Survey shows economic impact of cyber crime on businesses up 56 percent in one year.

A new report by the Ponemon Institute and Hewlett-Packard (HP) shows both the frequency and costs of cyber attacks on a representative sample of businesses are up significantly from just one year ago. In the second annual Cost of Cyber Crime Study, the median annualized cost of cyber crime is estimated by the Ponemon Institute to be more than $5.9 million every year for large companies. This is a 56% increase from 2010. Among those types of businesses in the survey's sample group, the actual yearly cost of cyber crime prevention, recovery and investigation ranged from $1.5 million to more than $36.5 million.

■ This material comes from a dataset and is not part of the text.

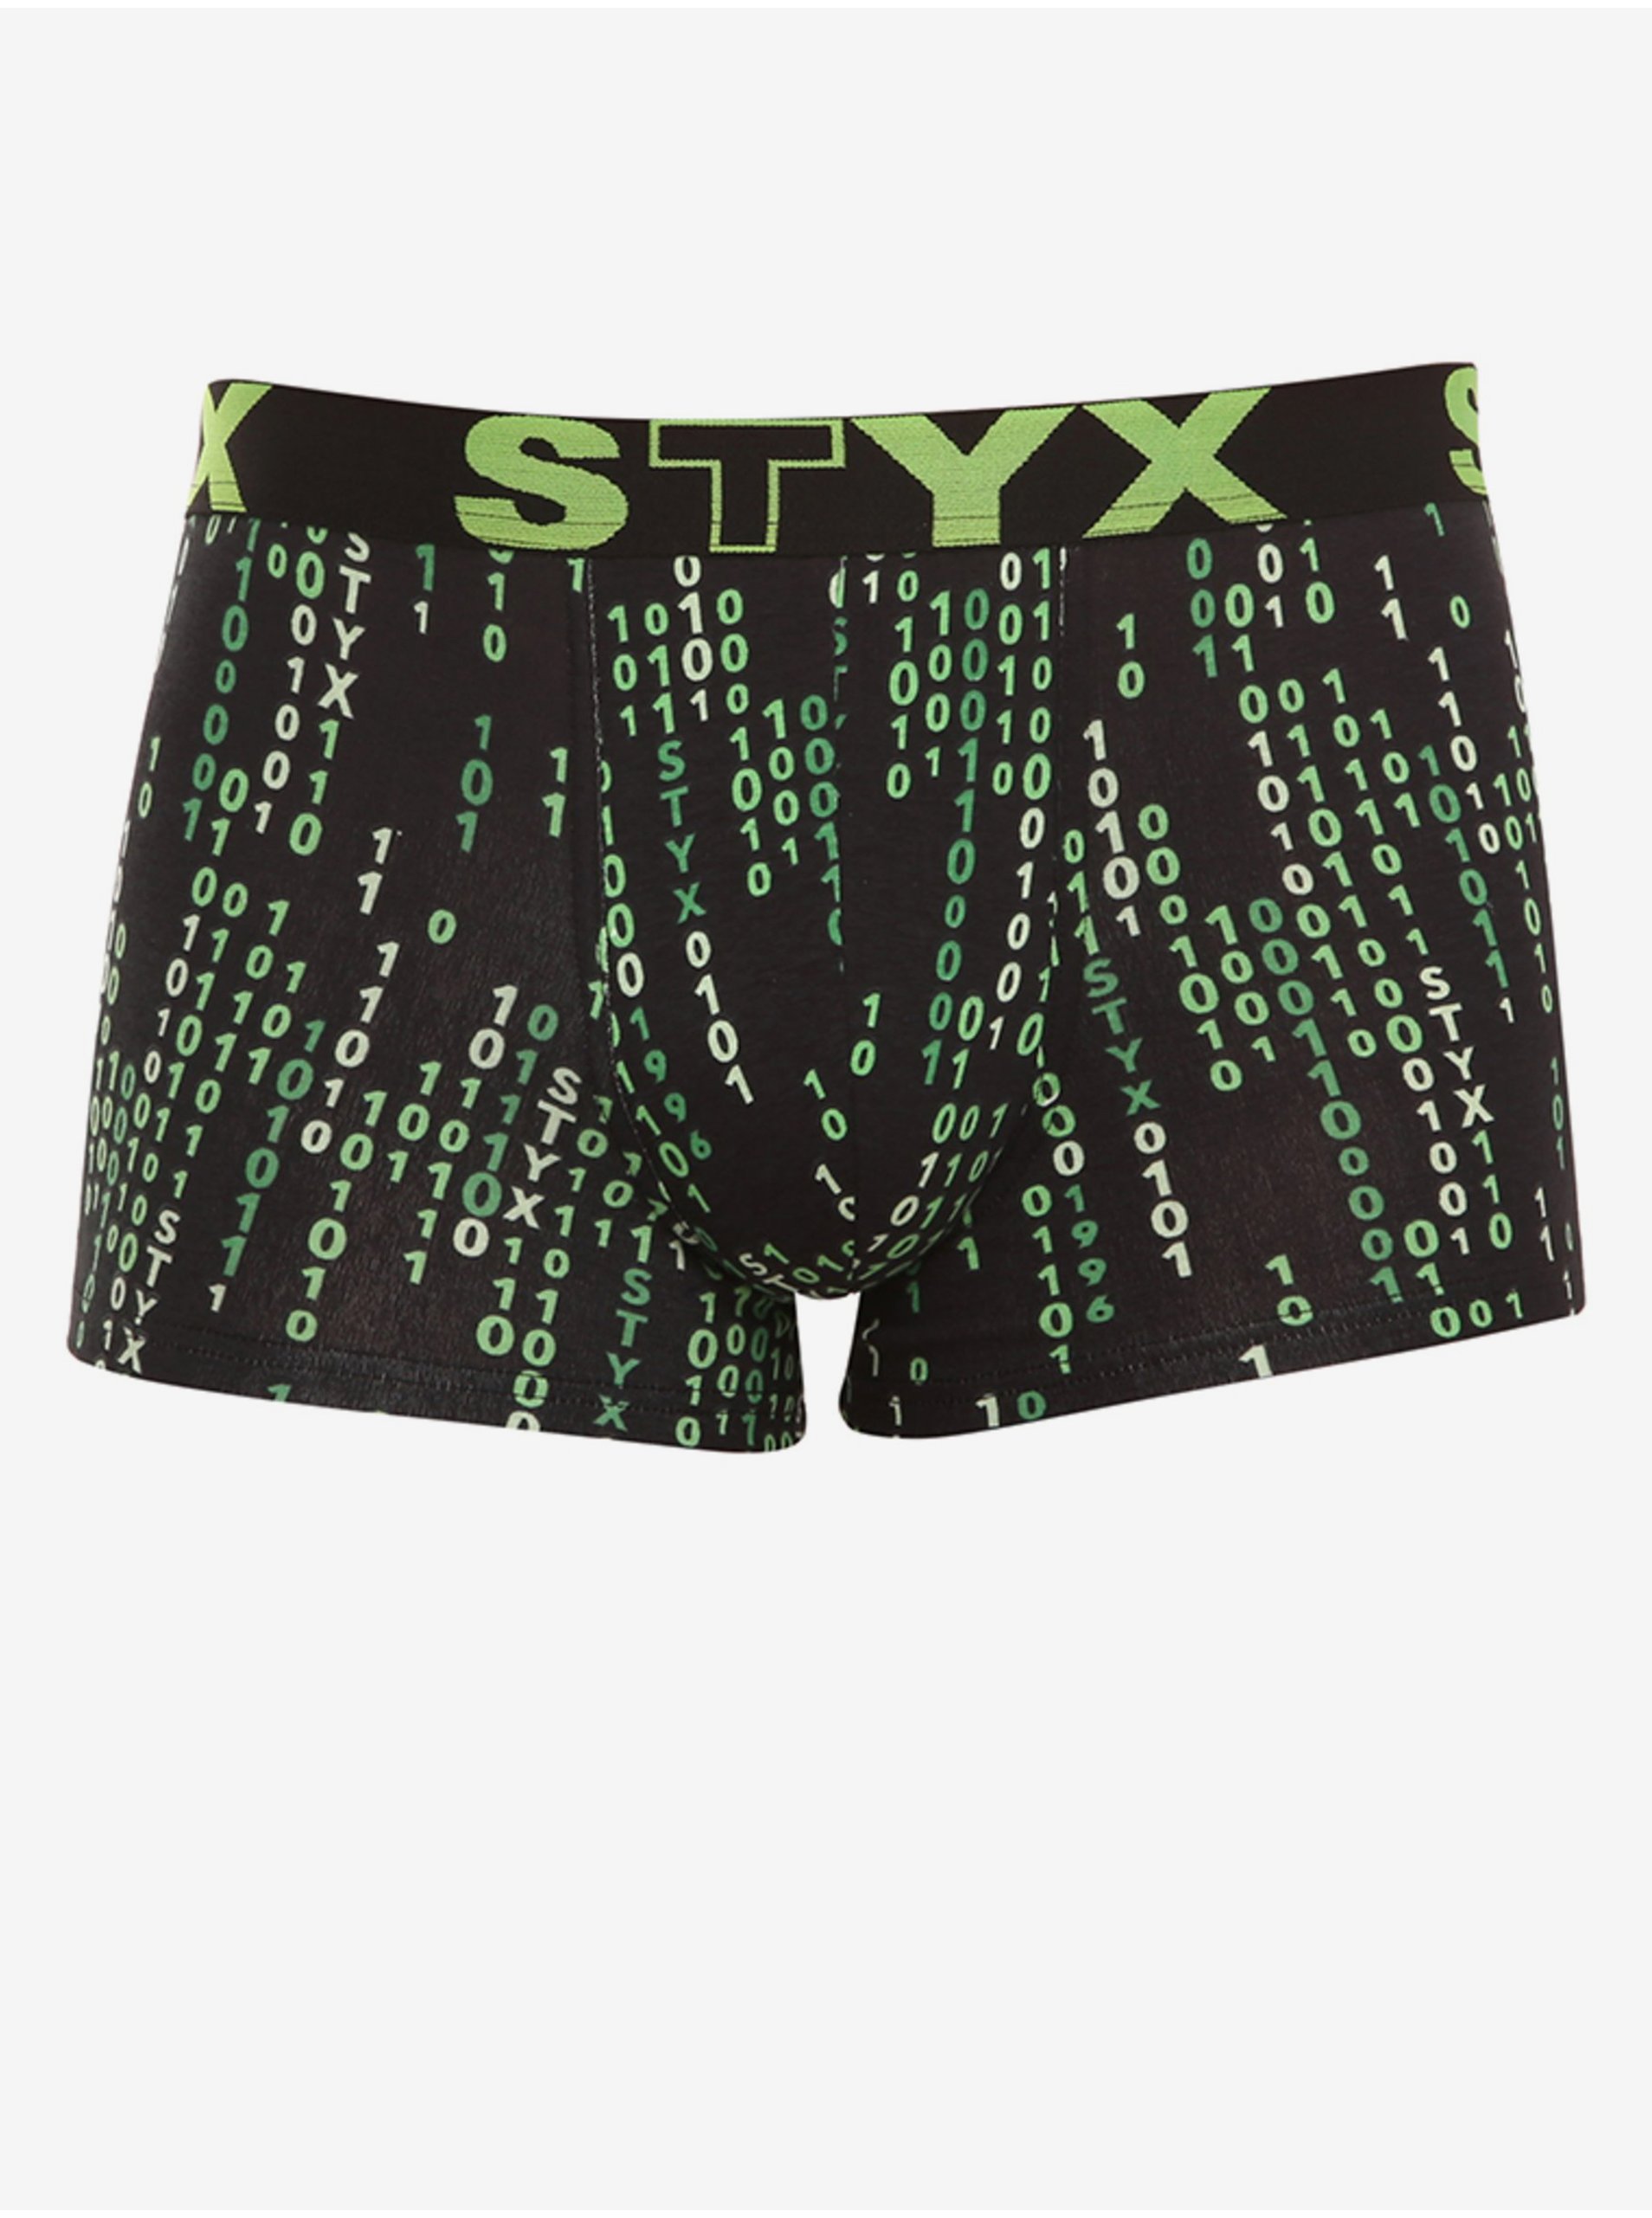 Lacno Boxerky pre mužov STYX - čierna, zelená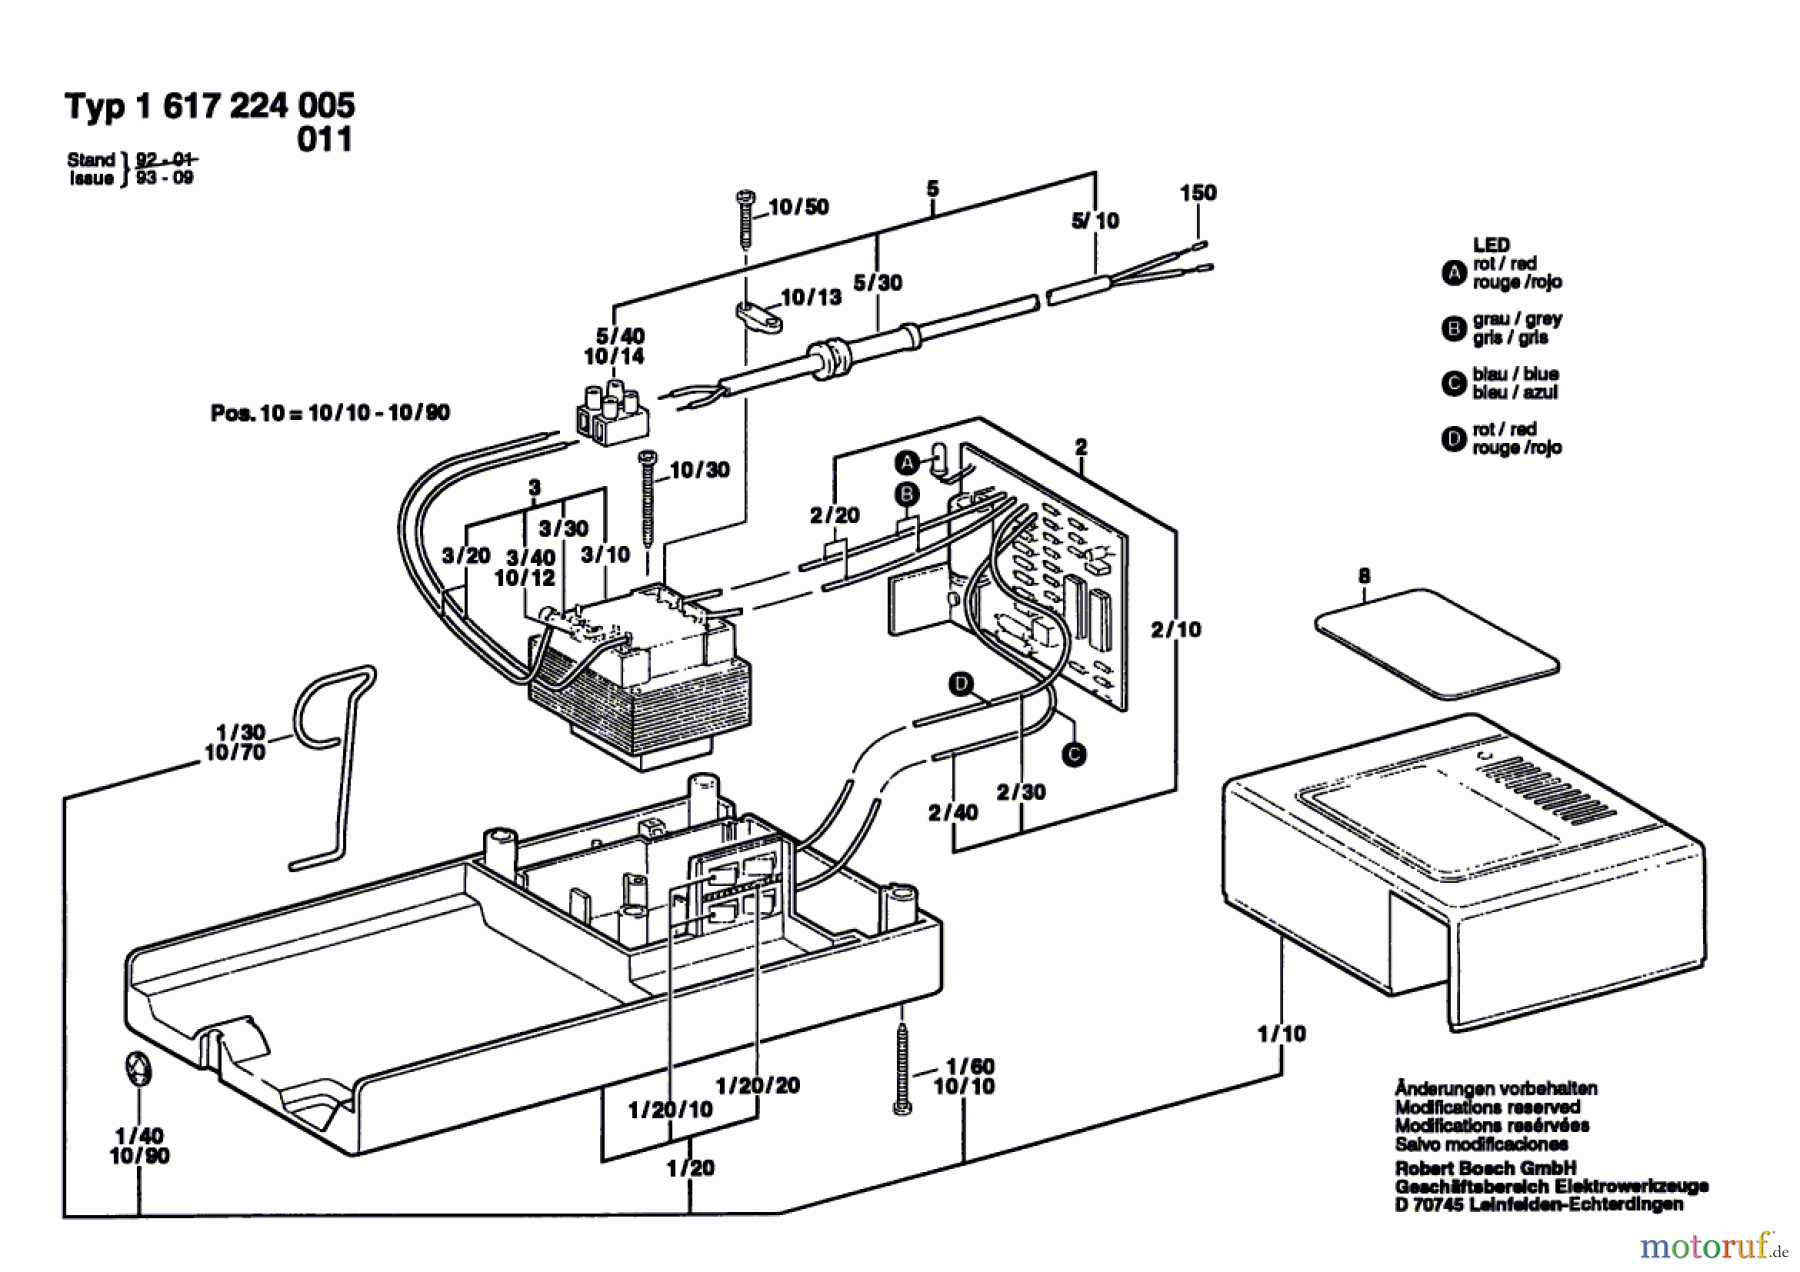  Bosch Werkzeug Ladegerät ---- Seite 1

By contrast, the median cost of cyber crime in the inaugural 2010 study was about $3.8 million among a similar sample of big companies. The latest study also reveals a large increase in the number of attacks suffered compared to one year ago. During only a four-week period, the surveyed businesses experienced a total of 72 attacks per week, nearly a 45% increase from 2010. Nearly all the attacks came in the form of malicious code, denial of service, theft of electronic devices and/or Web-based attacks.

In terms of cost, the Ponemon Institute found that cyber attack detection and recovery tend to be the most expensive aspects of information assurance. Those businesses that can build and maintain automated systems to detect attacks and begin the process of system recovery can effectively reduce the economic impact of cyber crime.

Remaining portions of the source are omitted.